4.2. Cell Culture, Treatments, and Inflammation Model Establishment

The HaCaT keratinocyte cell line was obtained from Procell Life Science (Wuhan, China, originated from the normal skin surrounding the lesion of a 62-year-old male with melanoma). The HaCaT cells were cultured in DMEM supplemented with 10% fetal bovine serum (FBS) and antibiotics, which were purchased from FuHeng (Shanghai, China), at 37 °C in a 5% CO2 atmosphere. To establish a psoriasis-like inflammation model, HaCaT cells were treated with 120 ng/mL recombinant human IL-17 in complete culture medium for 24 h, following optimized induction protocols [61,62].

4.3. MTT Assay for Cell Viability

HaCaT cells were seeded in 96-well plates at a density of 1 × 104 cells/well and divided into five groups: control, IL-17-induced model, and AST treatment (50, 100, 200 µM) groups. After treatment, 20 µL of MTT reagent (5 mg/mL) was added to each well, followed by incubation for 4 h at 37 °C. Subsequently, the supernatant was removed and the formazan crystals dissolved in 100 µL of DMSO. Absorbance was measured at 490 nm using a microplate reader to determine cell viability.

4.4. Lactate Dehydrogenase (LDH) Release Assay

HaCaT cells were seeded in 96-well plates at 1 × 104 cells/well and grouped as described above. After treatment, plates were centrifuged at 400× g for 5 min, and 120 µL of supernatant was transferred to a new plate. LDH activity was quantified by adding 60 µL of detection reagent to each well, followed by incubation in the dark at 25 °C for 30 min. Absorbance was measured at 490 nm using a microplate spectrophotometer.

4.5. Intracellular SOD and ATP Quantification

HaCaT cells were seeded in 6-well plates at 5 × 105 cells/well and grouped as above. The cells were washed with PBS, lysed using a sonicator (200 W, 3 s pulse/10 s interval, 30 cycles), and incubated on ice for 10 min. Lysates were centrifuged at 12,000 rpm for 10 min at 4 °C, and supernatants were stored at −20 °C. ATP content was measured spectrophotometrically at 700 nm, and SOD activity was quantified at 450 nm using commercial kits according to the manufacturer’s protocols.

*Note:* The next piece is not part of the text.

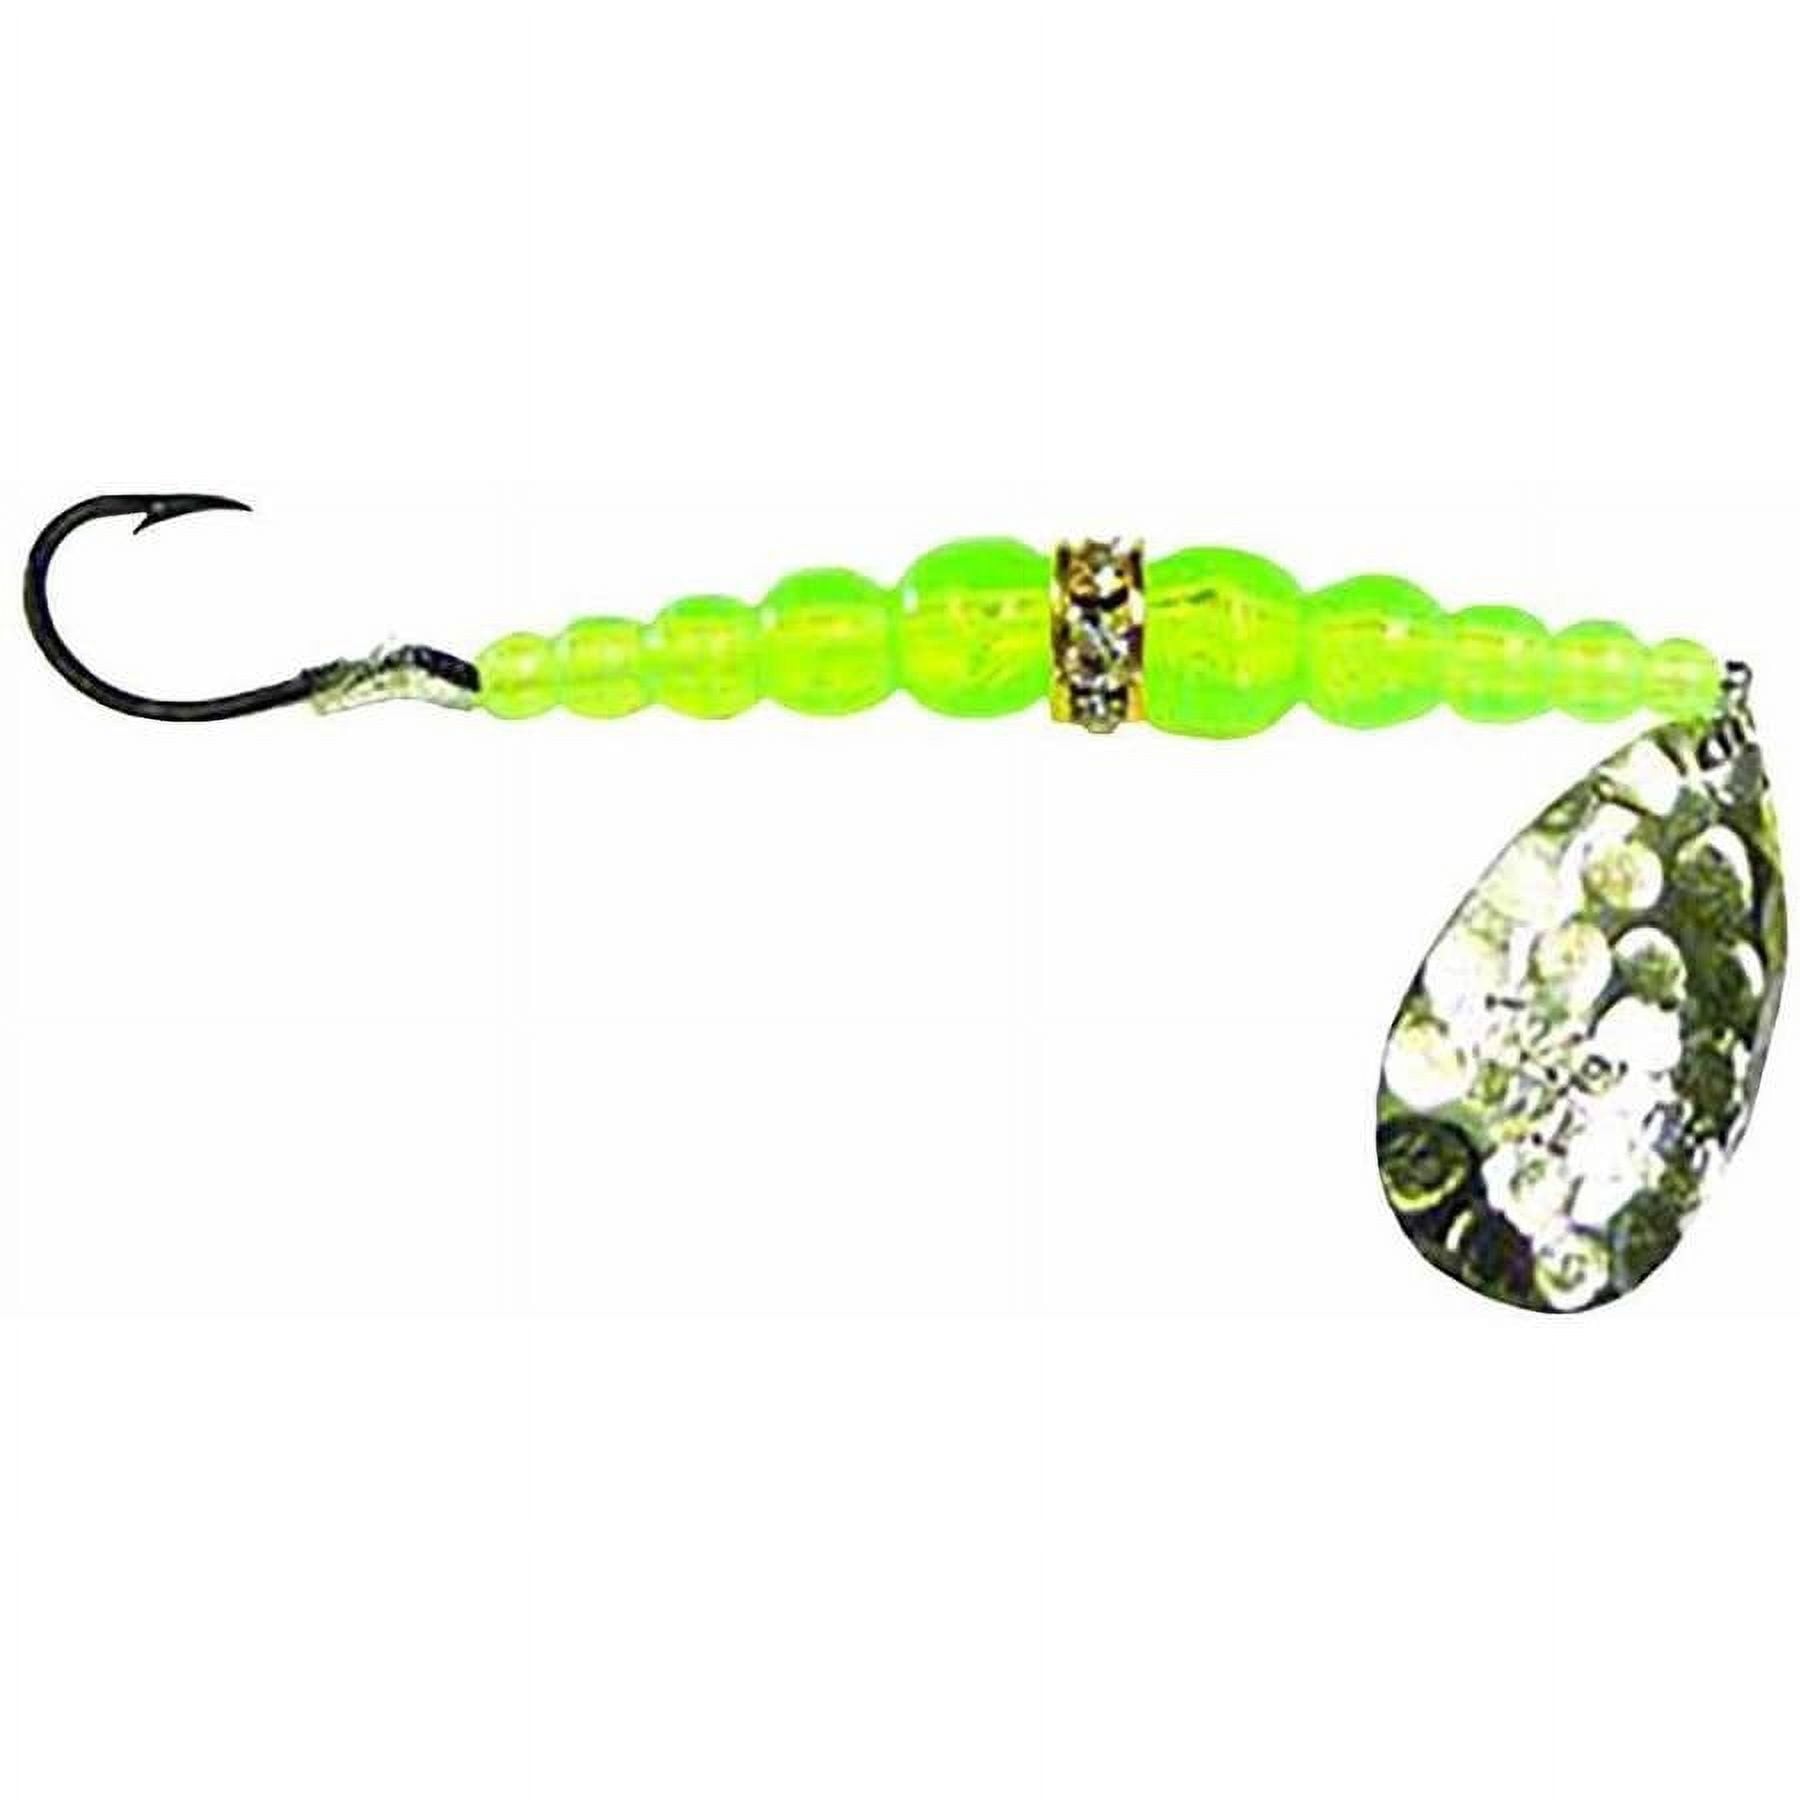 Dick's Sporting Goods Mack's Lure Wedding Ring Classic Spinner Lures
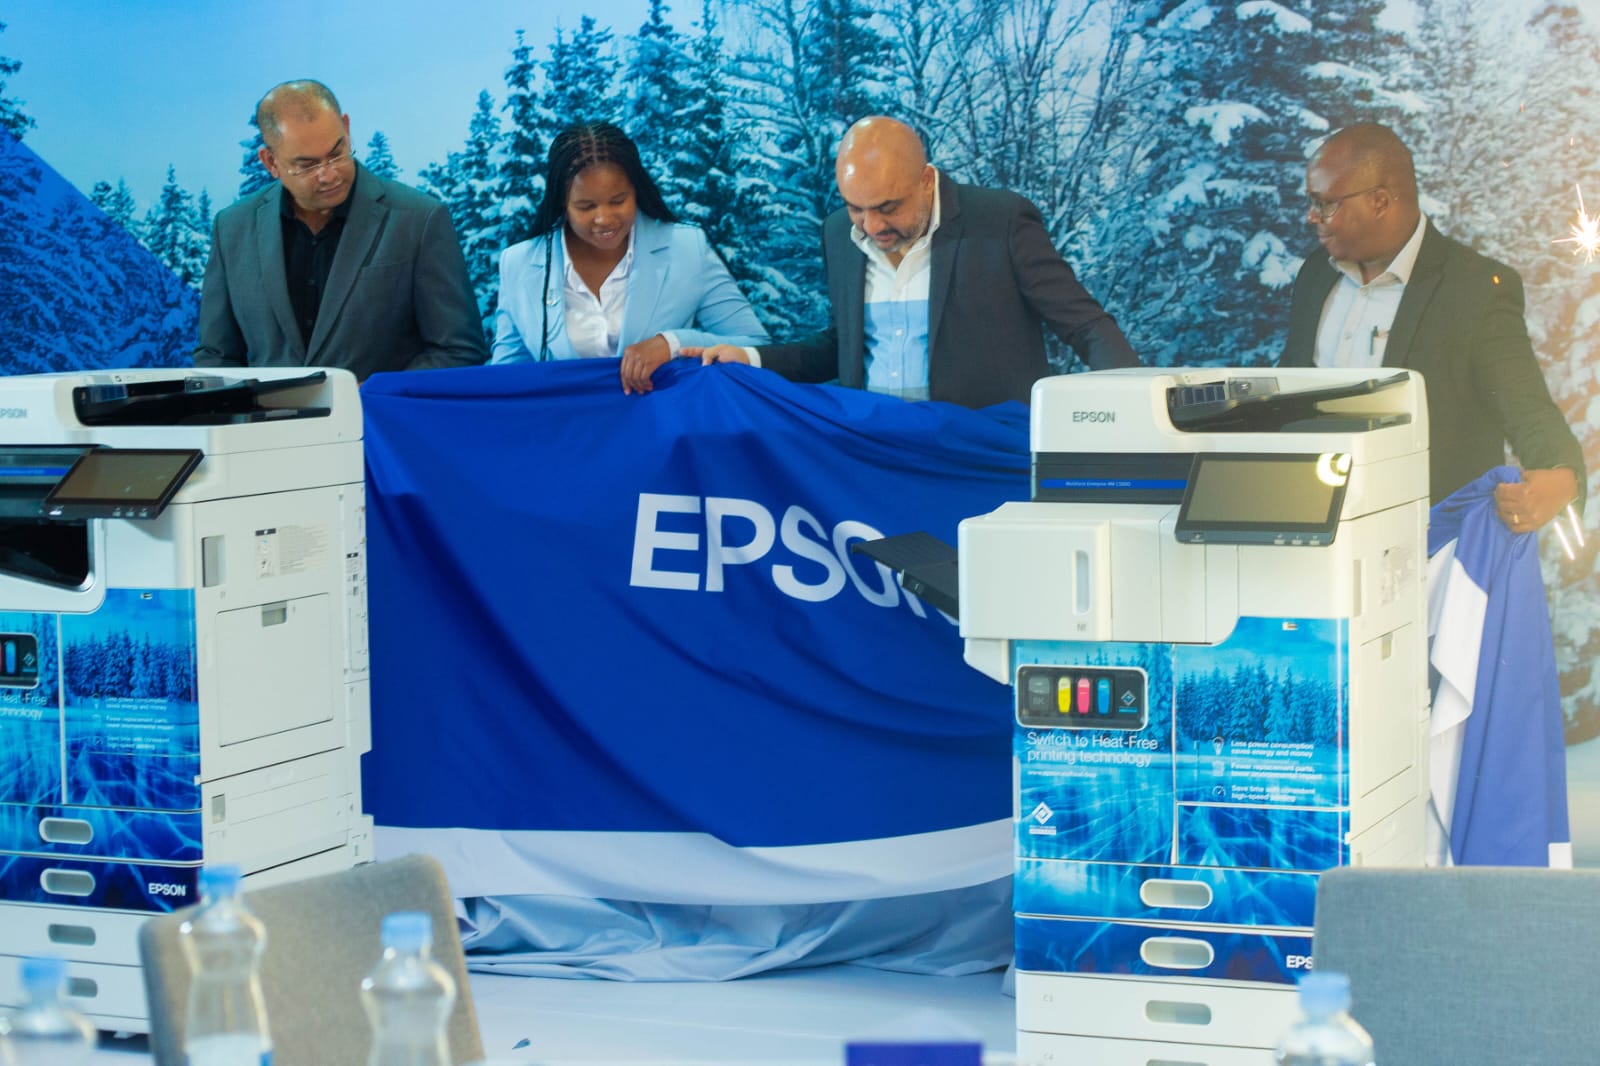 Epson has announced the introduction of the WorkForce Enterprise AM-C printers to the Kenyan market

4.6. Detection of Intracellular ROS Levels

HaCaT cells were seeded in 6-well plates at 5 × 105 cells/well and grouped as above. After treatment, cells were washed with PBS, trypsinized, and resuspended in 10 µM DCFH-DA working solution. The cells were then incubated in the dark at 37 °C for 20 min with intermittent agitation. Following three PBS washes, intracellular ROS levels were quantified by flow cytometry based on DCF fluorescence intensity, normalized to untreated controls. For fluorescence microscopy, cells were incubated with 1 mL of DCFH-DA working solution (10 µM) under standard culture conditions for 20 min, washed three times with PBS, and visualized using a fluorescence microscope.

4.7. ELISA Detection of Cytokines

HaCaT cells were seeded in 6-well plates at 5 × 105 cells/well and grouped as above. Conditioned media were collected and centrifuged at 3000× g for 20 min at 4 °C to remove cellular debris. The supernatants were aliquoted and stored at −20 °C until analysis. Cytokine levels (IL-1β, IL-6, IL-17, IL-23, IL-36, TNF-α, IFN-γ, IL-13, IL-22) were quantified using commercial ELISA kits according to the manufacturer’s protocols. Absorbance was measured using a microplate spectrophotometer, and cytokine concentrations were calculated based on standard curves.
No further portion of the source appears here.